• Information supplied:
>>>>>
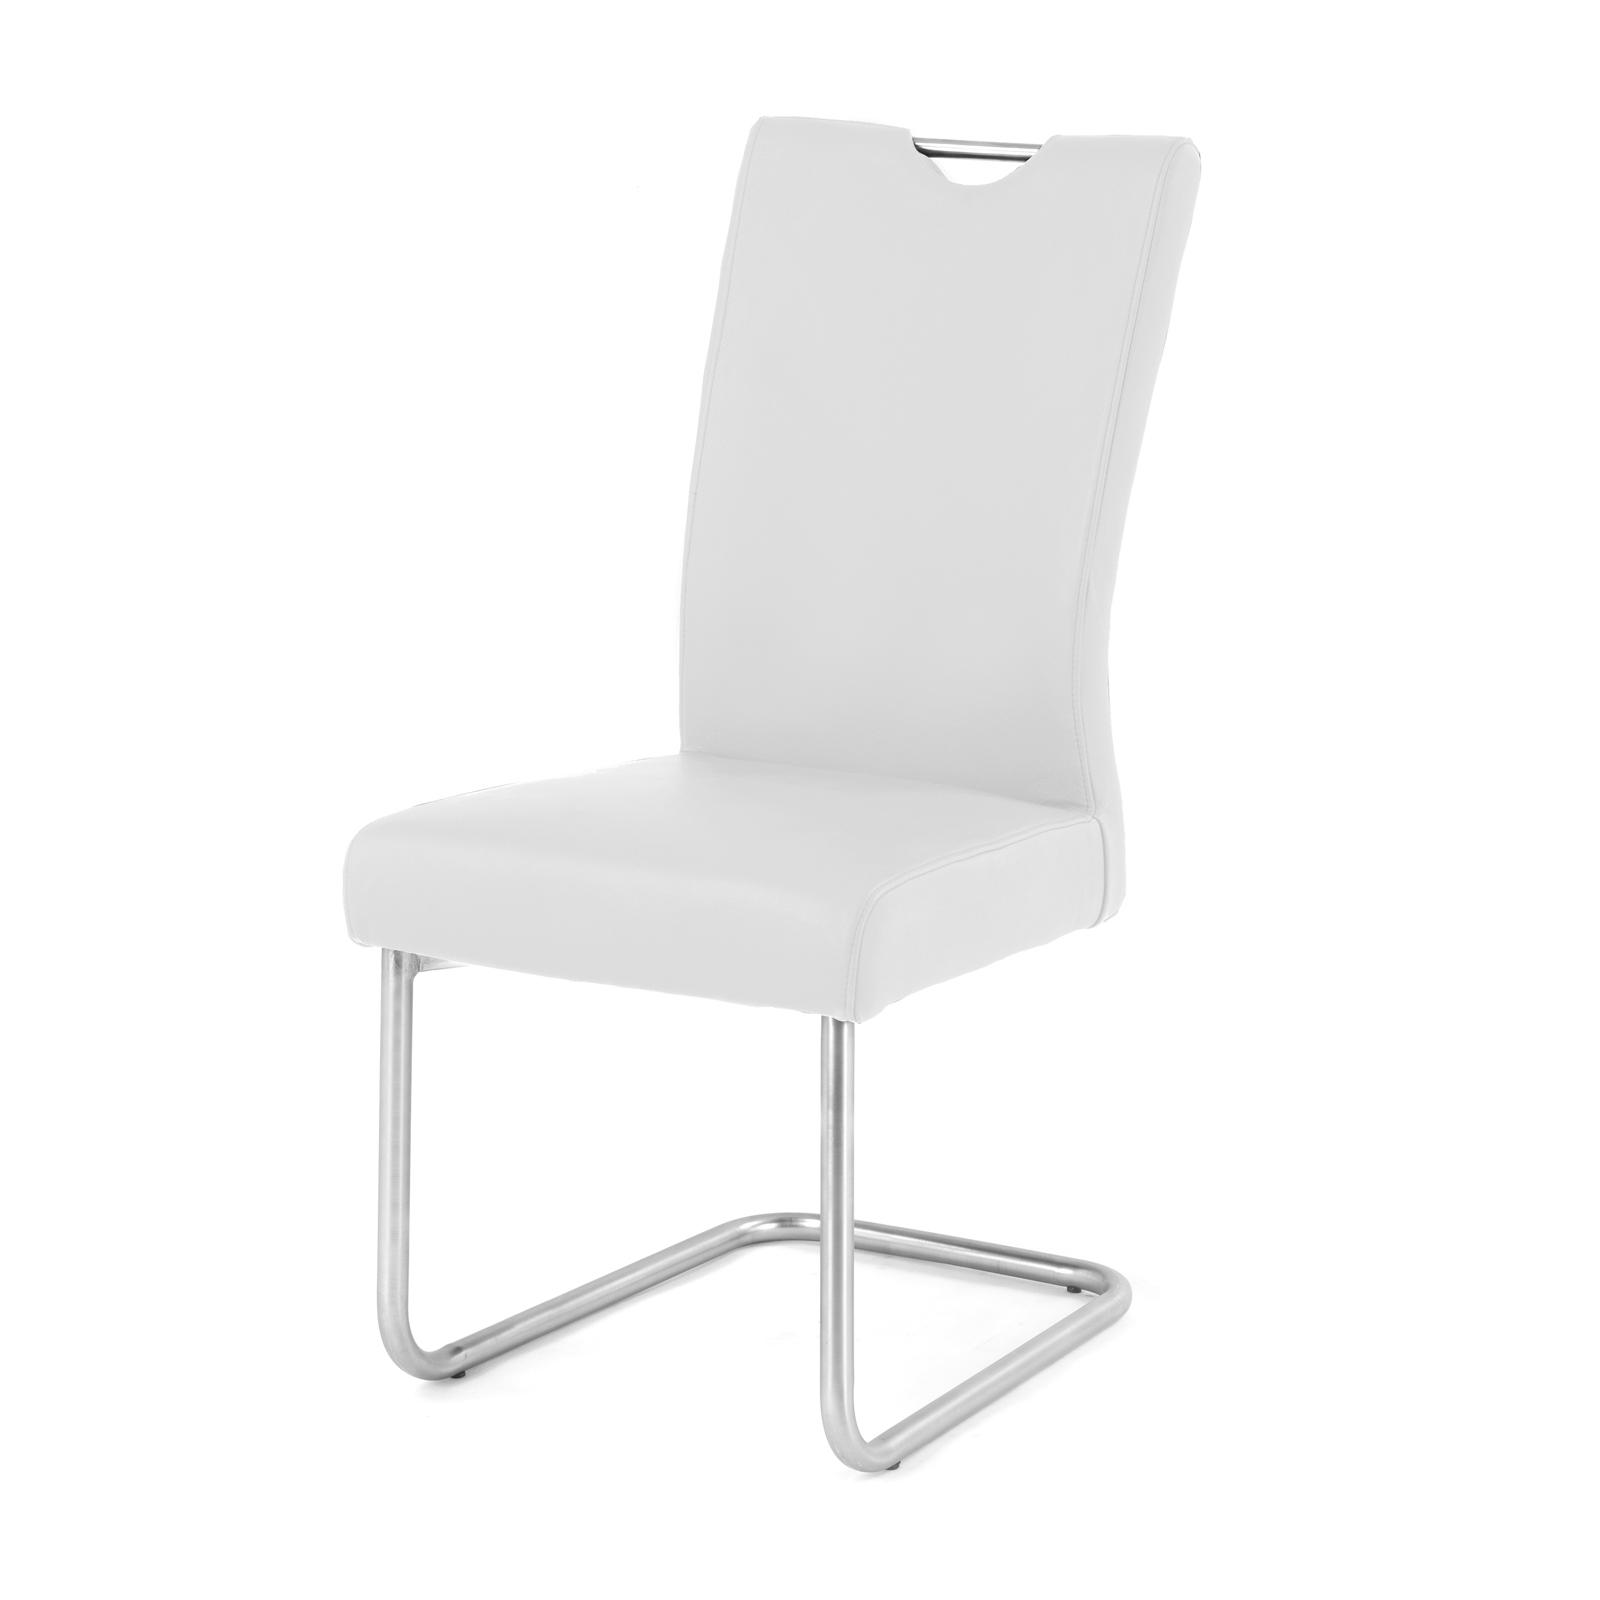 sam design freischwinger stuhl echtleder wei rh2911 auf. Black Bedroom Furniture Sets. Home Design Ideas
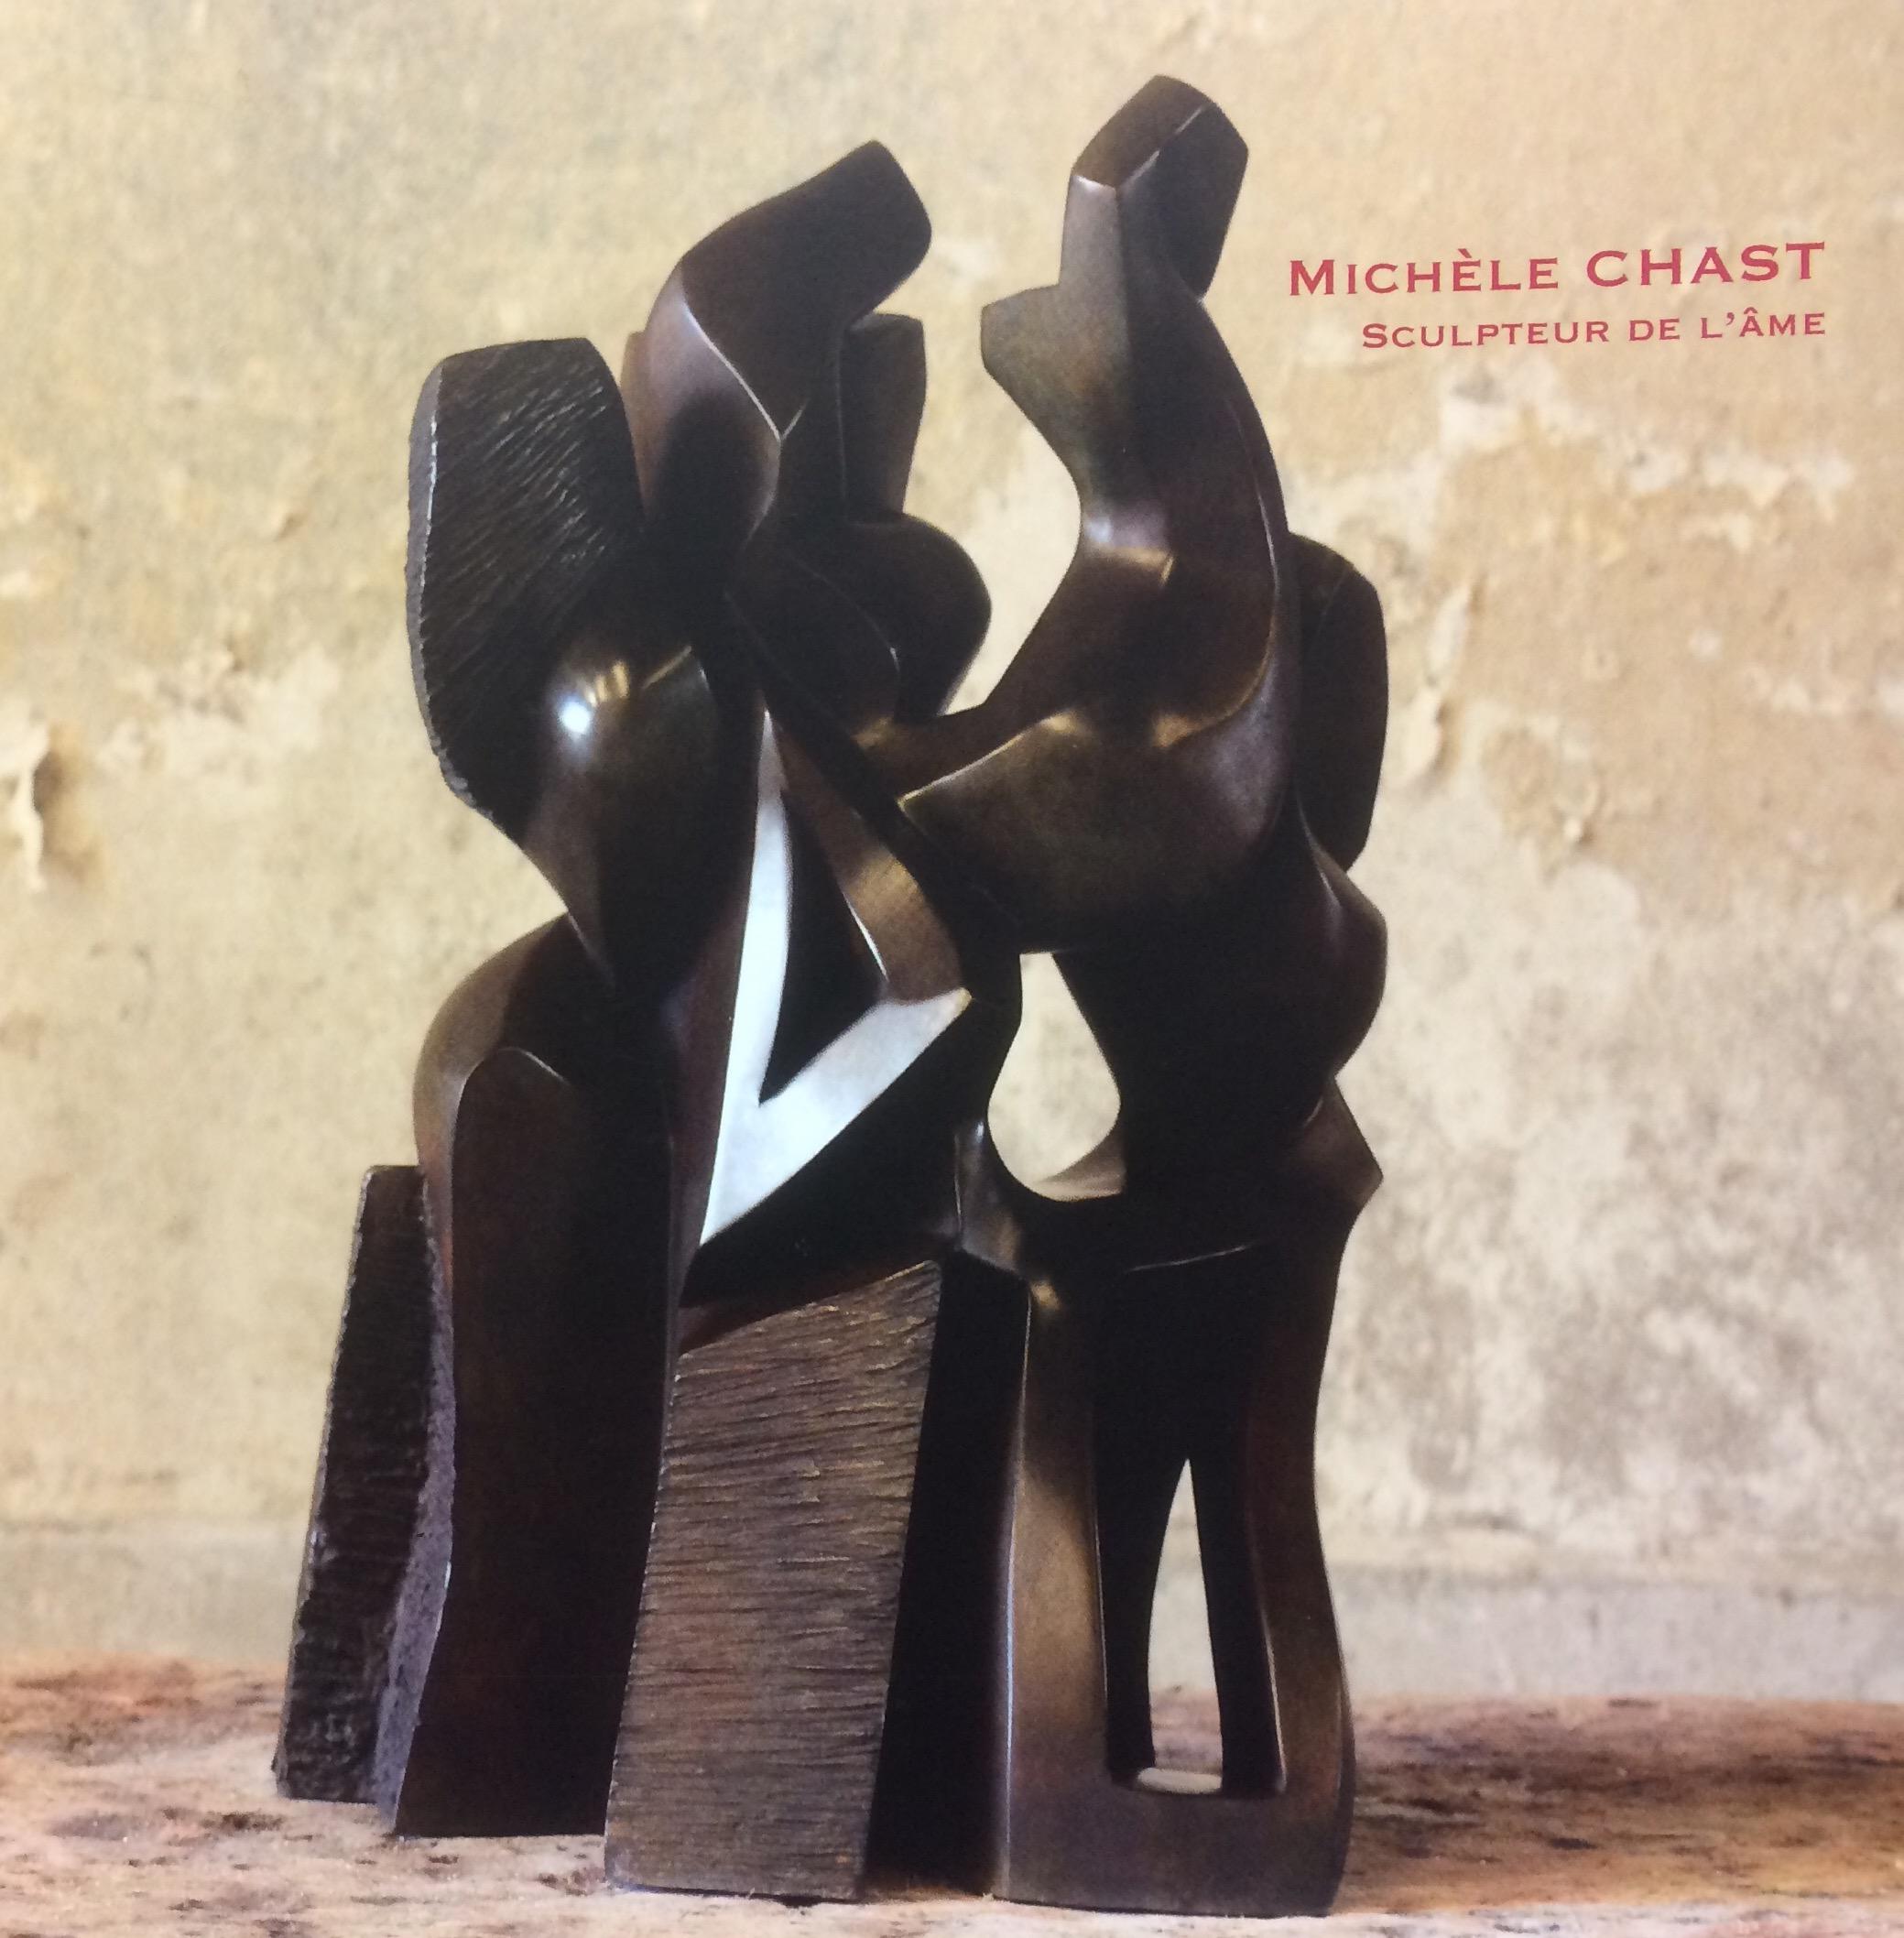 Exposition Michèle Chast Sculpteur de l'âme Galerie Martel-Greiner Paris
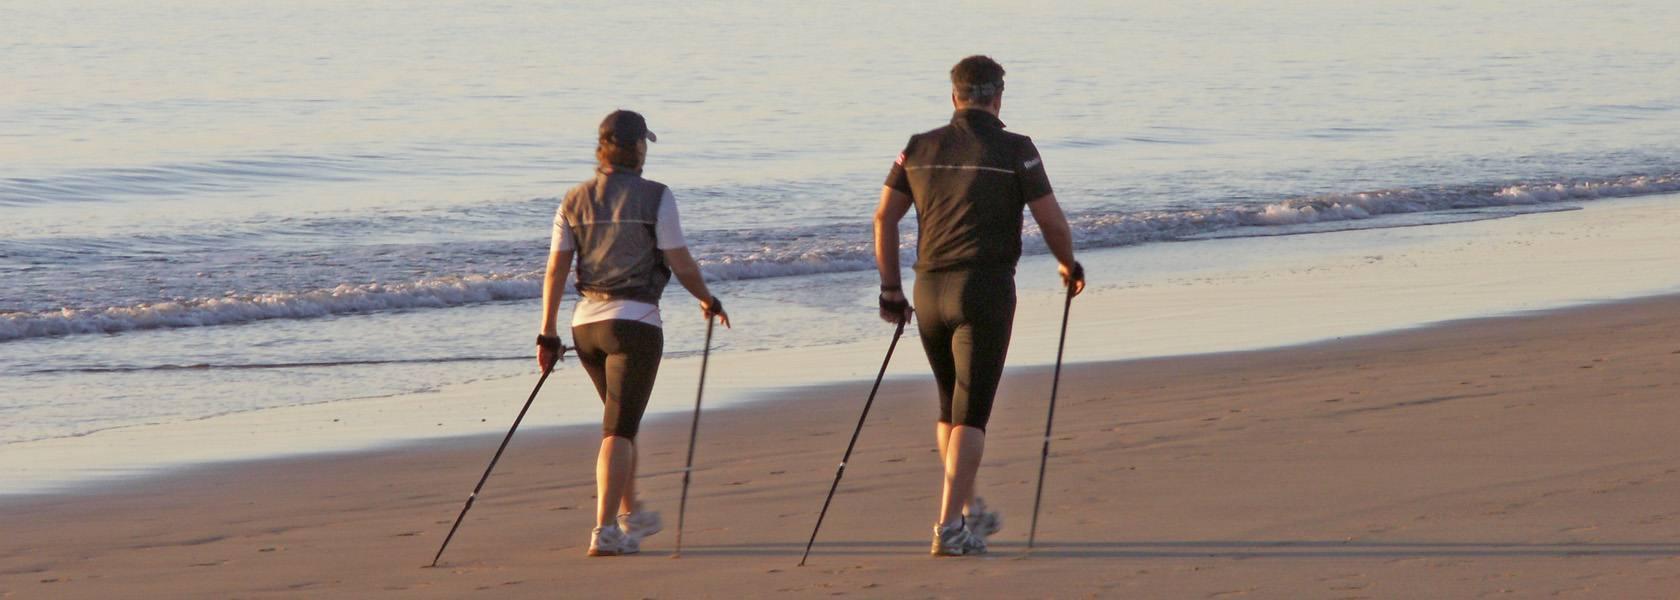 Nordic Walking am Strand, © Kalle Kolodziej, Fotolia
<<<<<
• Required action:
Where the data contains an image, skip the image and copy everything else exactly as it appears.

• Solution for this exercise:
 sam design freischwinger stuhl echtleder wei rh2911 auf. Black Bedroom Furniture Sets. Home Design Ideas
 Exposition Michèle Chast Sculpteur de l'âme Galerie Martel-Greiner Paris
 Nordic Walking am Strand, © Kalle Kolodziej, Fotolia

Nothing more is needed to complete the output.